"I believe you've been involved in a car accident" ?

I’ve gone down the road of telling the caller that my mate is Nigerian Prince and he wants to call you back. He just needs your bank details and he will transfer the £20mil he needs to get out of the country.
 
Hate these scumbags. Feel the same about most motoring lawyers. Dishonest cunts who rip people off. Disgusting the way most of them operate, of which I have first hand experience. Absolute lowlife. Same goes for many divorce lawyers, although much lower as a percentage than within the ranks of motoring law tbf. There are exceptions I hasten to add!! :-)

And insolvency practitioners. Fucking racket, based on my personal experience. Absolutely disgraceful what goes on there.

The same goes for how disrespectful some professionals can be to the client, who is trusting them implicitly, and upon whom their hopes rest. If the client had paid their bill, then do your absolute best for him or her, within the rules. Anything less is utterly disrespectful. That person is paying good money, that they will have probably worked very hard for, and you should always respect that - many don’t. More cunts.

I hate dishonest professions who don’t play with a straight bat and/or prey on the weak and/or stupid.

Our next door neighbours took us to court once after they broke party wall regulations.

Some of their legal representatives (they used four different firms) were truly awful to us.

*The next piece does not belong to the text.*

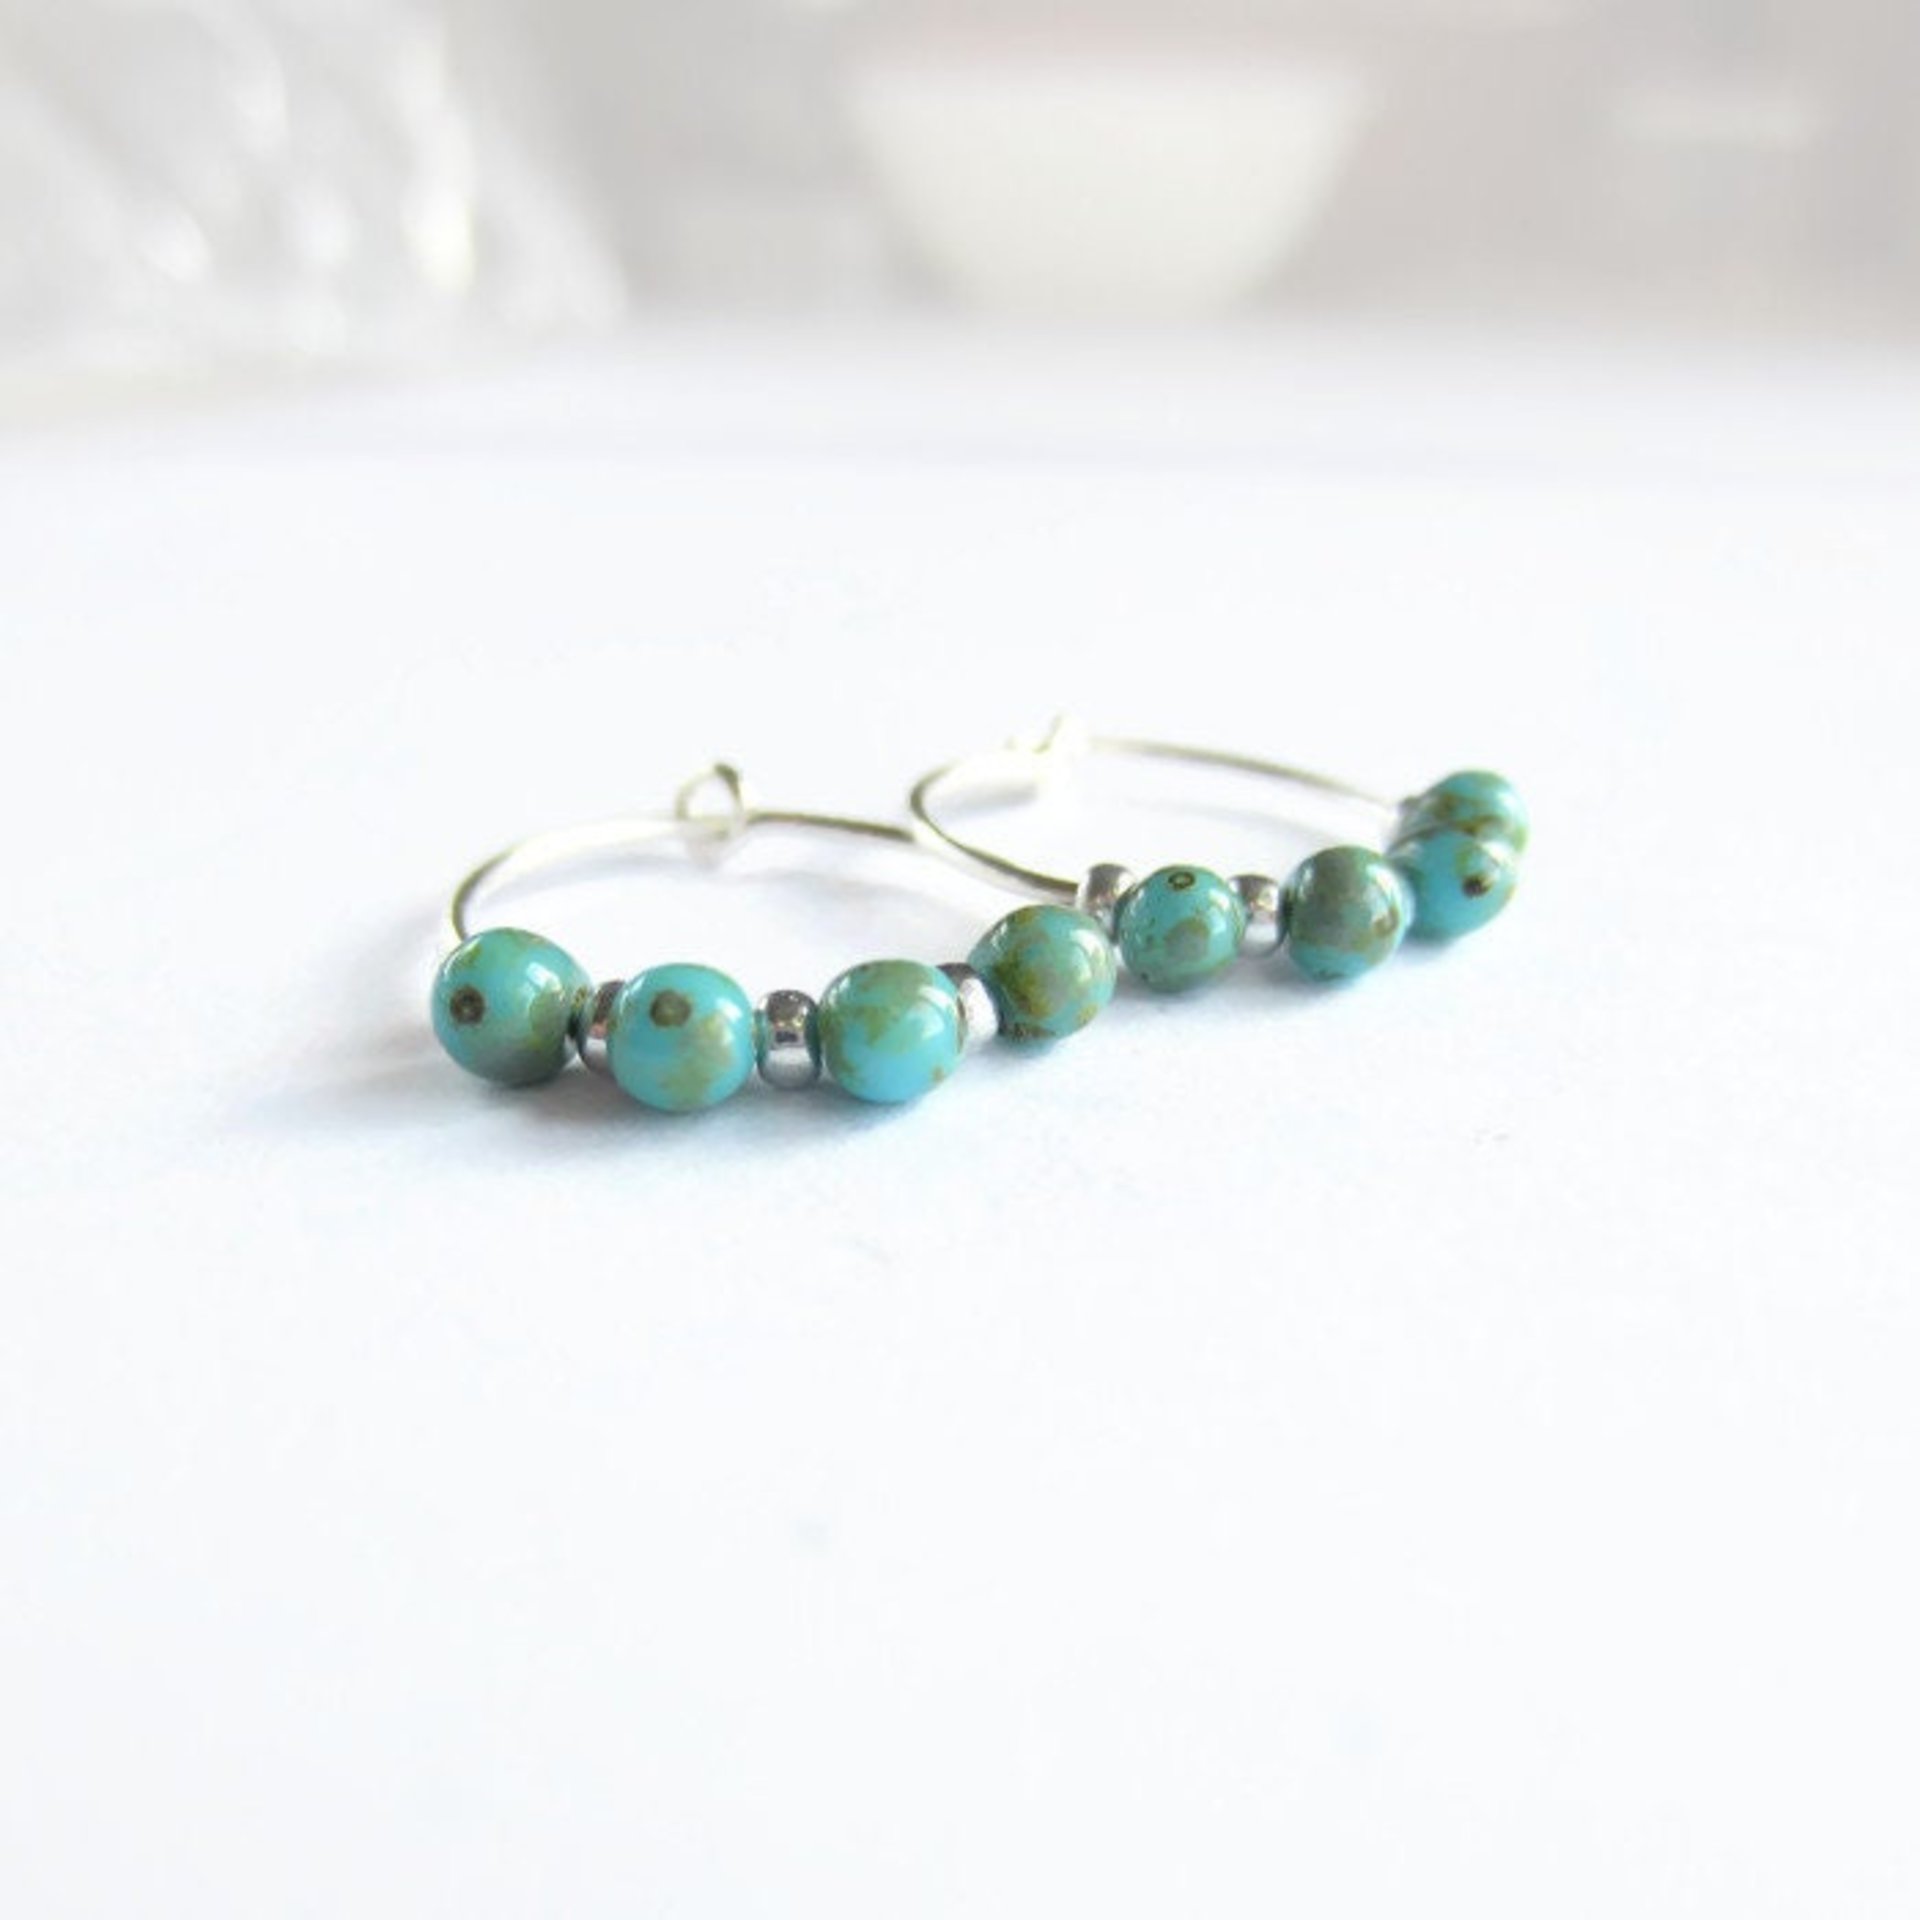 Turquoise Blue Czech Glass Beaded Silver Hoop Earrings ~ 925 Sterling Silver ~ Handmade by The Tiny Tree Frog Jewellery

Bombarding e-mails and constant requests for replies despite receiving them. They all then left the claimants because they clearly weren't being paid.

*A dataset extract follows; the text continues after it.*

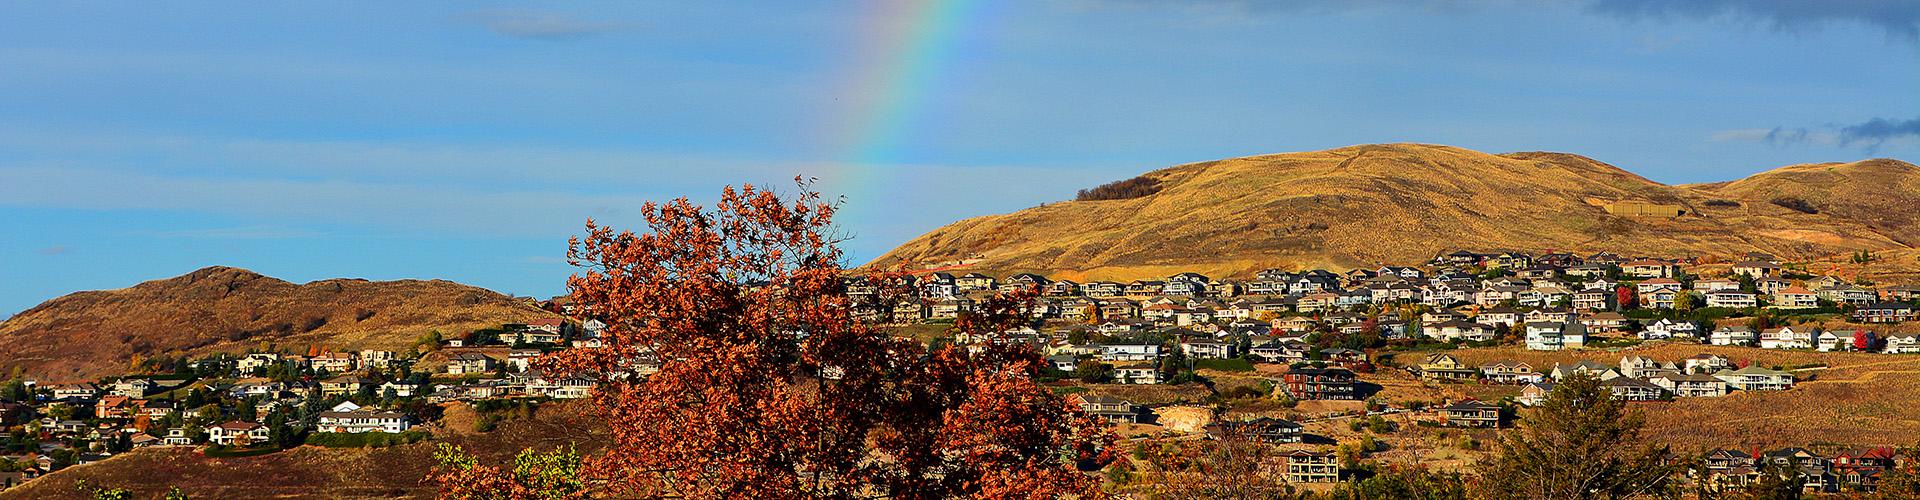 Foothills with houses on them and rainbow in background

They ended up using an awful Pro Bono man who could barely speak English. They lost the case and ending up owing £25,000. They'd originally disputed a £500 payment to a surveyor.

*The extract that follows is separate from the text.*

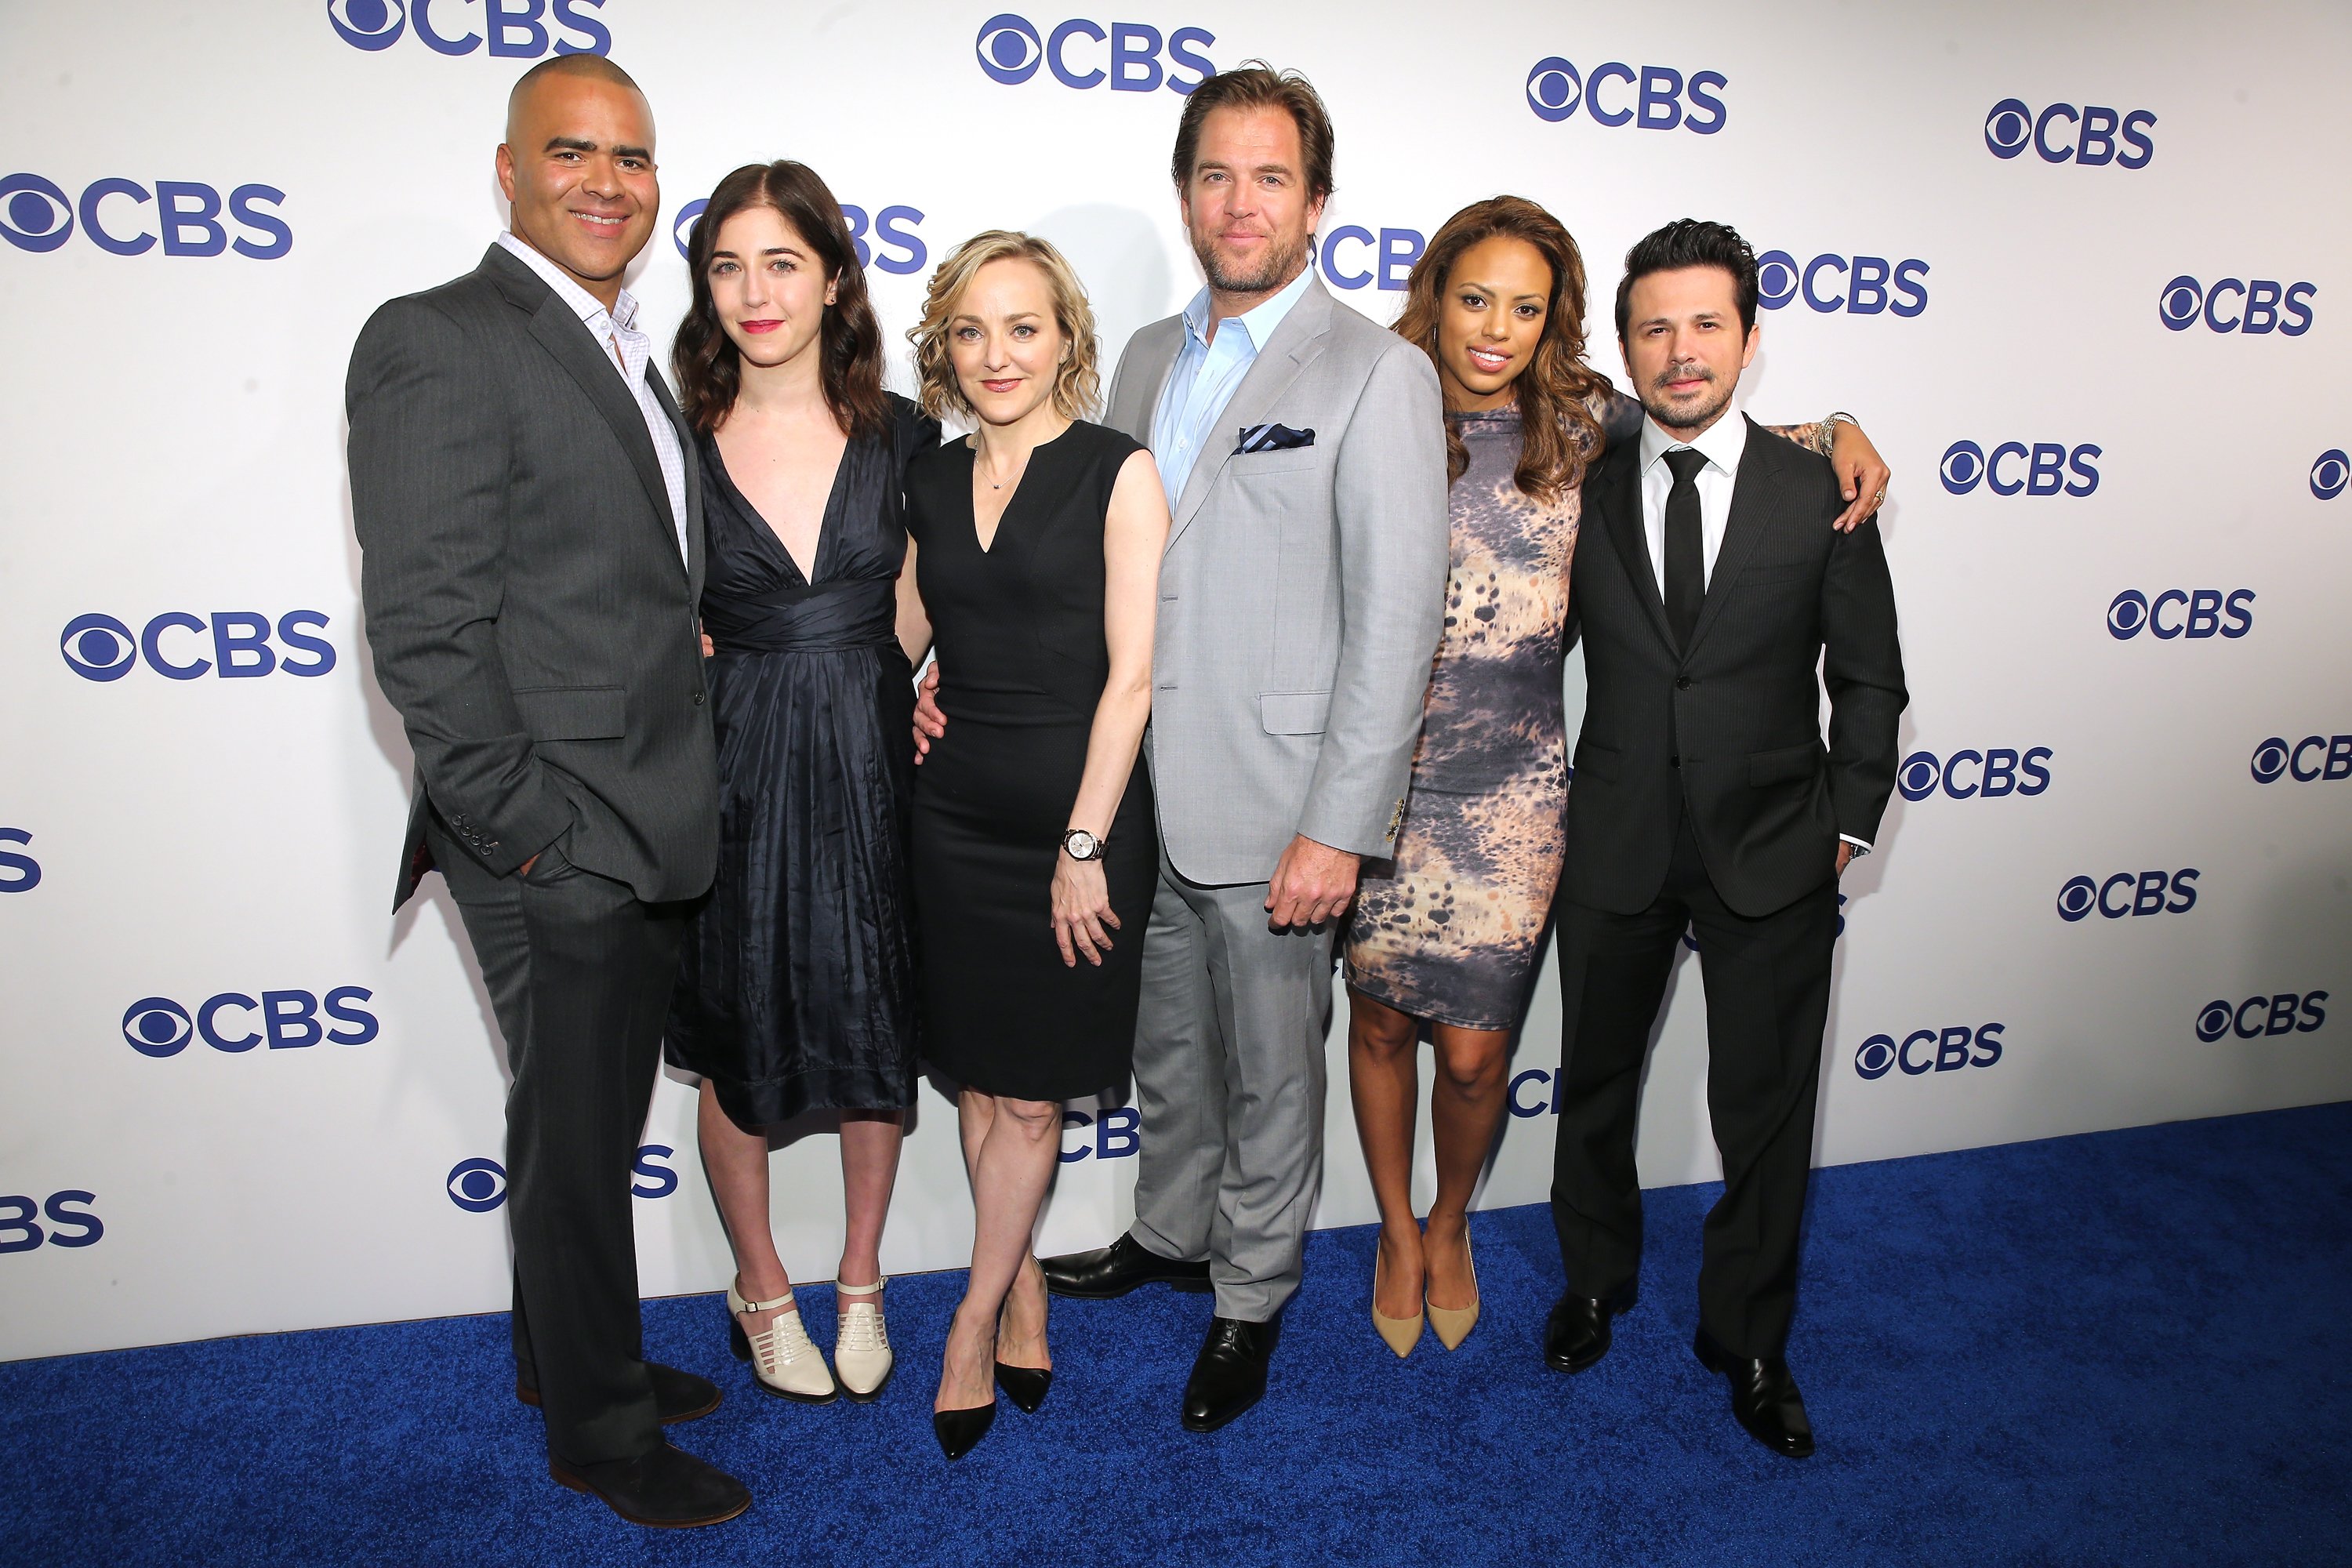 Cast of Bull: Chris Jackson, Annabelle Attanasio, Geneva Carr, Michael Weatherly, Jamie Lee Kirchner, and Freddy Rodriguez attend the 2016 CBS Upfront at The Plaza on May 18, 2016, in New York City. | Source: Getty Images.

It was so stressful it gave me depression.
 
Next time I get this call I’m going to say I sadly died in the crash and you’re talking to a ghost.
I said something similar once, to a guy whose accent sounded as if he was from the sub continent, and called himself Roger. I confirmed I had indeed had an accident 3 years previously. He asked me for details, and I told him it was so bad that I died! His first words were "Oh, I'm very sorry to hear that!"
After I'd finished laughing, I said that irony was obviously not his strong point, and hung up.
 
I said something similar once, to a guy whose accent sounded as if he was from the sub continent, and called himself Roger. I confirmed I had indeed had an accident 3 years previously. He asked me for details, and I told him it was so bad that I died! His first words were "Oh, I'm very sorry to hear that!"
After I'd finished laughing, I said that irony was obviously not his strong point, and hung up.
The only time I’ve come up with a smart arse response was to a PPI salesman. He said ‘Hello sir, have you taken out any loans or credit cards in the last few years?’ and I said no. He asked if I had any bank accounts and I said no so he said where do I keep my money so I said I kept it all under my mattress. He just laughed and that was pretty much call over
 
My wife once replied to the 'I believe you've been involved in a car accident' opener with ... "Actually yes I have. 3 vehicles were involved. I went into the vehicle in front and then another vehicle hit mine from the side. Mind you, I suppose that's to be expected on the Dodgems".
 
Just had another "good morning, I believe you've been involved in a car accident" call.

I thought I'd play along and "yes" was my reply which was followed by a long pause....

"So when were you involved in the car accident"?...... "You tell me seeing as you obviously know I was".... Long pause to hear she put the phone down on me.

Oh well, another number blocked.
my brother in law had a thirty minute conversation with them once, making up absolute bollocks.
my favourite lines were
"i probably shouldnt have had that second spliff"
"lamposts arent as strong as you think"
"of course they are all dead now"
 
my brother in law had a thirty minute conversation with them once, making up absolute bollocks.
my favourite lines were
"i probably shouldnt have had that second spliff"
"lamposts arent as strong as you think"
"of course they are all dead now"
Just had another chancer ring me earlier today.

"Hello, I leave you been involved in an accident, is this right?"..... "Err, hello, yes that's right"..... She then put me onto a guy......"Hello, so when was the accident then sir"?..."Hello, I can't remember when it was, sorry"..... Long pause......."Why can't you remember?"...... Dunno, I must have had a bump on the head or something"..... phone goes dead.


Another number blocked: /
 
Same Chinese bloke phoned me every day this week on my landline with this shit.